Shakoory offers a methodology, a way of approaching a collection that asks how the works they relate to their materials, to the bodies that encounter them, to the histories they carry, and to the futures they imagine.
She takes seriously the idea that art is always a situation where bodies, technologies, histories, and forms of knowledge meet and negotiate.
Shohreh Shakoory. © Ari Karttunen / EMMA
Shohreh Shakoory is an Iranian-German researcher, art historian and curator. She holds a BA in Art History from Rome, an MFA in Media Art from Bauhaus University Weimar, and is currently a PhD candidate at the University of Fine Arts Hamburg (HfBK). Shakoory has worked as a curator, producer, researcher, and mediator with institutions including Haus der Kulturen der Welt (HKW), Savvy Contemporary, Kunstraum Kreuzberg/Bethanien, Sinema Transtopia, and HfBK, contributing to numerous academic conferences and seminars. In addition to her institutional work, she practices sculpture and painting.

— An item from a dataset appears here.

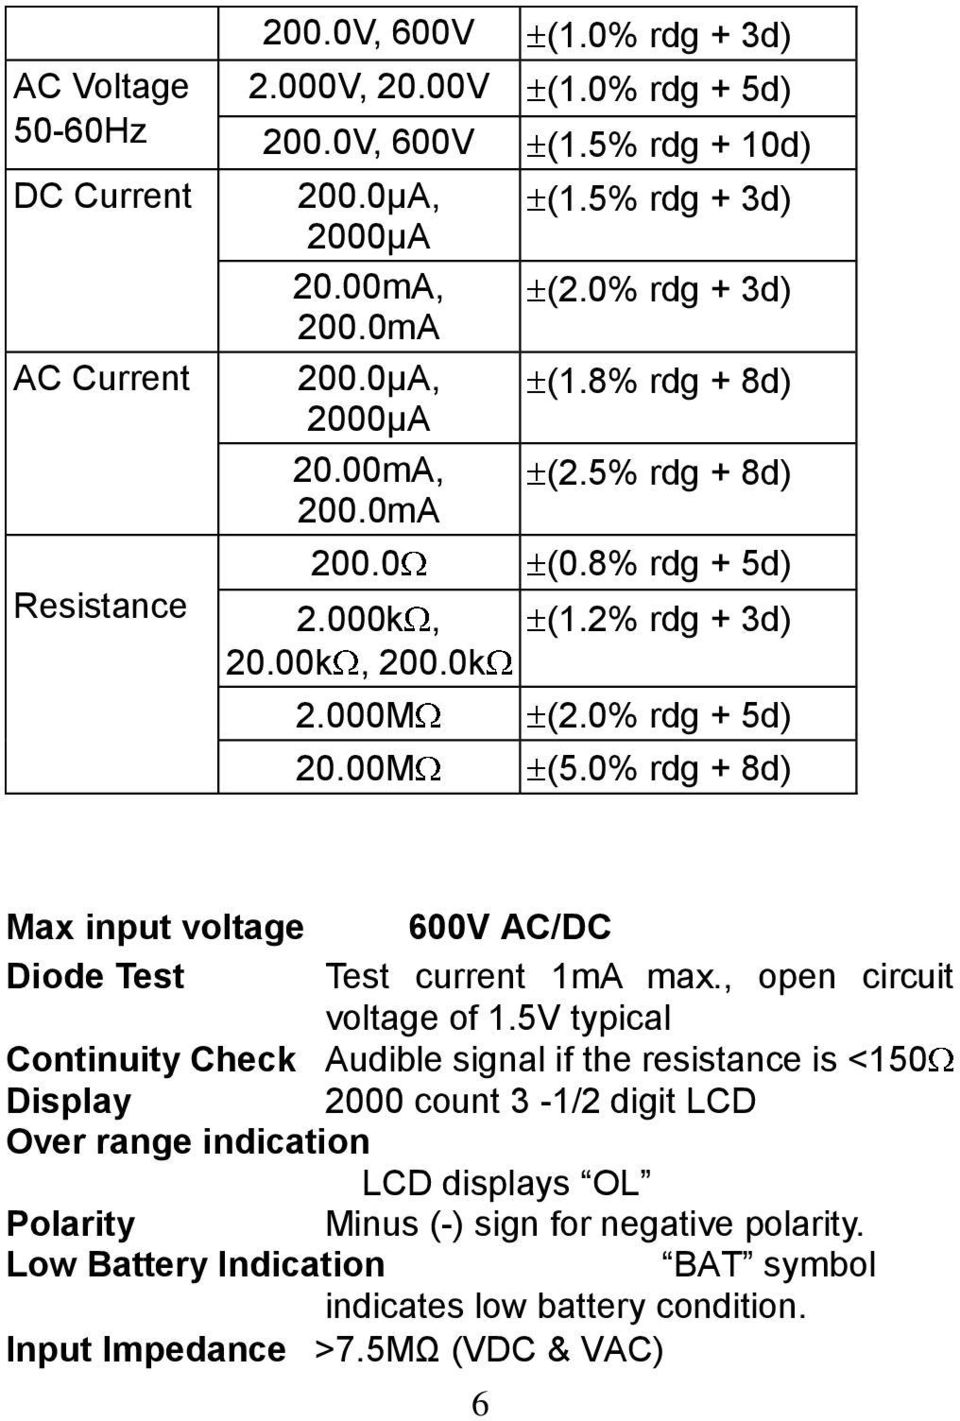 0% rdg + 8d) Max input voltage 600V AC/DC Diode Test Test current 1mA max., open circuit voltage of 1.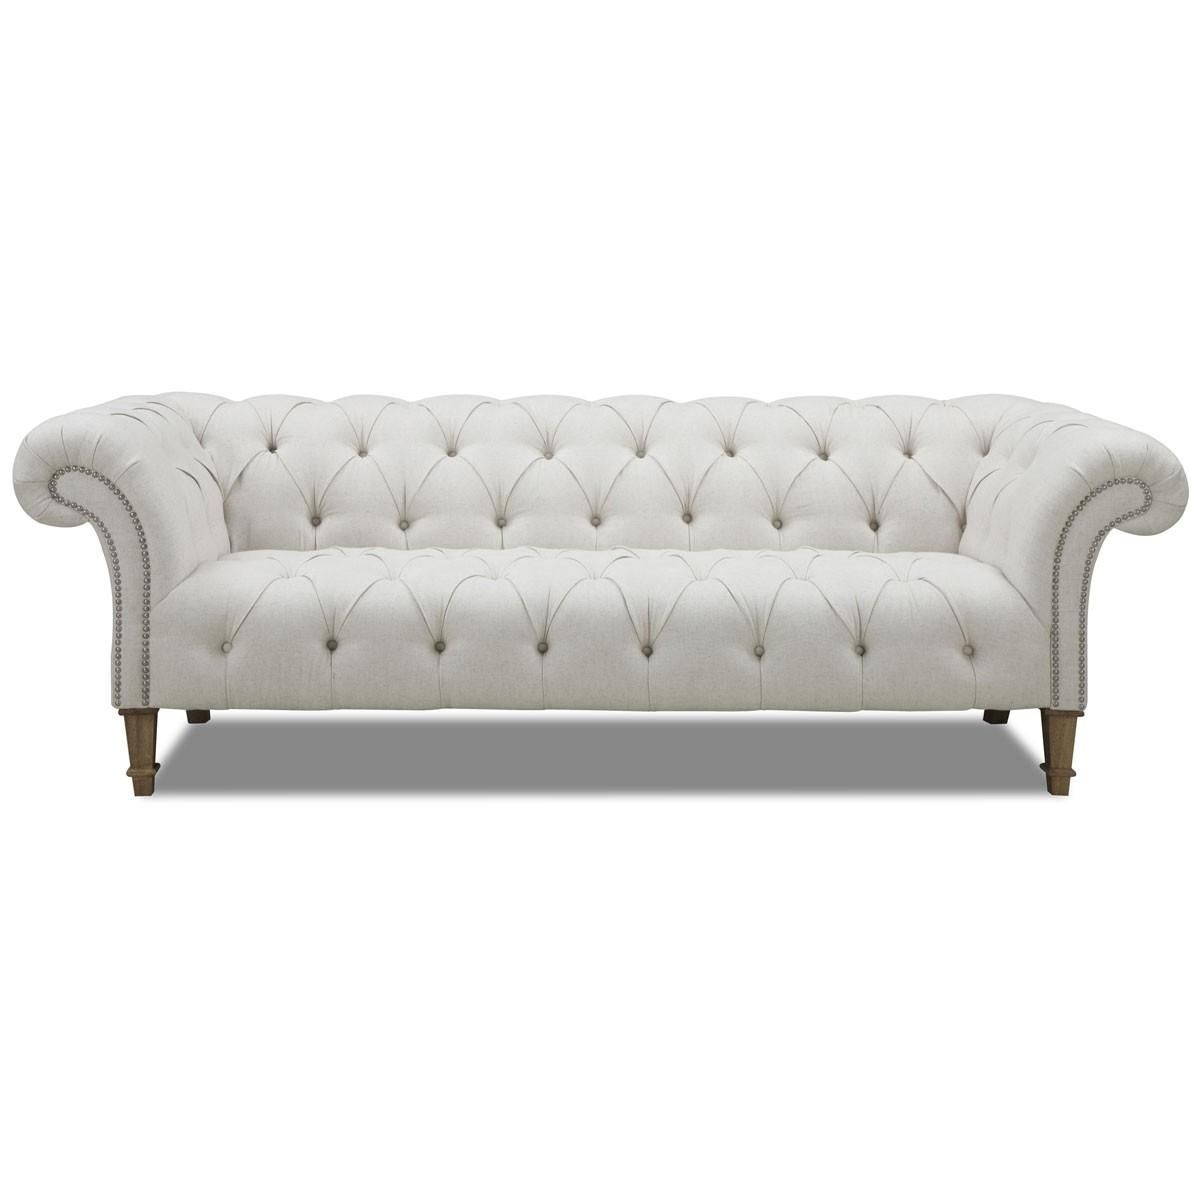 Small Chesterfield Sofa With Concept Image 23818 | Kengire For Small Chesterfield Sofas (View 3 of 20)

EMMA-Saastamoinen Curatorial Fellowship is a three-year programme, established jointly by Saastamoinen Foundation and EMMA – Espoo Museum of Modern Art. Each year, an international curator is invited to Finland for a six-month paid residency, working as part of EMMA’s team and conducting independent research into the Saastamoinen Foundation Art Collection.
Shohreh Shakoory was selected from over 170 applications worldwide. During her stay in Finland, she lived in the HIAP – Helsinki International Artist Programme residency at Suomenlinna. The program continues, and the open application for the EMMA-Saastamoinen Curatorial Fellowship will be announced later.